Posted on Wed Jan 21st, 2026 @ 9:59pm by Commodore Stephen MacCaffery

2,181 words; about a 11 minute read

Mission: The Tavrik Accord: Orchestrated Chaos
Location: Temporary Command Bungalow / Orbit of Tavrik III
Timeline: OOC Note: This takes place after Stephen talks to Sidra and before Frankenstein .

Time: Day 2, 0100 Hours (Two Hours Post-Murder),

The channel to Admiral MacLaren closed. The holographic field shrank to a single blue point, then disappeared.

Stephen MacCaffery sat in the silence, the humid air heavy on his skin. His mind wrestled with a lingering sense of guilt, a haunting whisper from the back of his consciousness. He was consumed by a persistent doubt about the choices he would soon make, wondering if he could ever wash away the stains. Outside, rain hammered the window, sounding like gravel against the glass. He looked at his hands. They were steady, but he still felt the ghost of the scrubbing brush and the heat of the water he used to wash away the memory of the medical bay.

He had authority and a mandate. Now he needed force behind him.

He stood up, his linen shirt sticking to his back, and walked to the tactical table in the center of the room. It was a standard Federation field unit, marked by past missions, but now upgraded with a sensor-dampening generator.

"Computer," Stephen said, his voice finding the hard, flat timbre of the JAG officer once more. "Initiate Secure Holographic Triad. Designation: Gamma-Black. Encrypt to Captain McKinney on the Valley Forge. And..."

He paused, checking the chronometer.

"And to Captain Darius Chen, USS Tempest. System perimeter coordinates."

"Processing," the computer replied. "Quantum encryption active. Establishing an entangled link."

Stephen waited. He needed to find out if help had arrived.

---

Two Million Kilometers Above the Orbital Plane

The universe didn’t just open for the U.S.S. Tempest. It ripped apart.

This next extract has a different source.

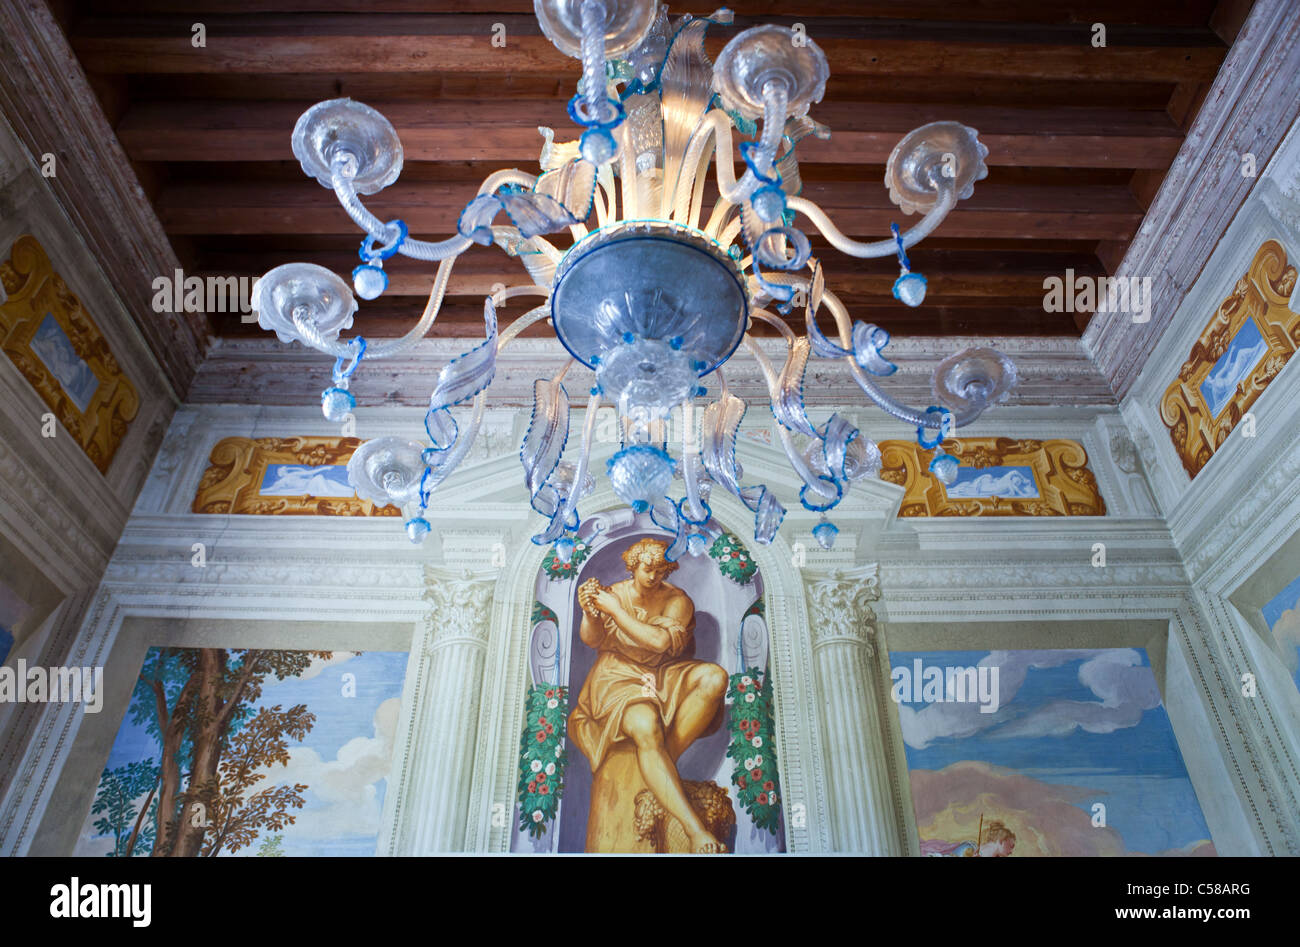 L'Italie, Vénétie, Fanzolo di Vedelago, fresques de Battista Zelotti Villa Emo en salles, architecte Andrea Palladio. Banque D'Images

Captain Darius Chen didn’t blink during the transition. The Inquiry-class Heavy Cruiser hovered for a moment between subspace and normal space. The hull groaned, a deep sound through the deck, as the inertial dampeners struggled with the sudden stop from warp.

Then subspace snapped shut like a steel door.

"Transition nominal," Lieutenant Commander Vane called from Ops, his hands flying across the glass interface of his console. "One-point-nine million kilometers above the ecliptic. We are clear of warp-shear and secondary plasma bleed. Local frame is stable."

Chen braced himself for the transition, leaning forward and gripping his chair, waiting for the deck to stop shaking.

"Threat picture," Chen ordered. He wasn't interested in summaries; he wanted the raw data.

"The system is a mess, Captain," Vane reported, his voice tense as he worked through the data. "The primary star is unstable, with multiple CMEs. Charged particles are flooding Tavrik III’s upper atmosphere. Industrial pollution is making scans difficult. I can’t get clear readings below fifteen thousand meters."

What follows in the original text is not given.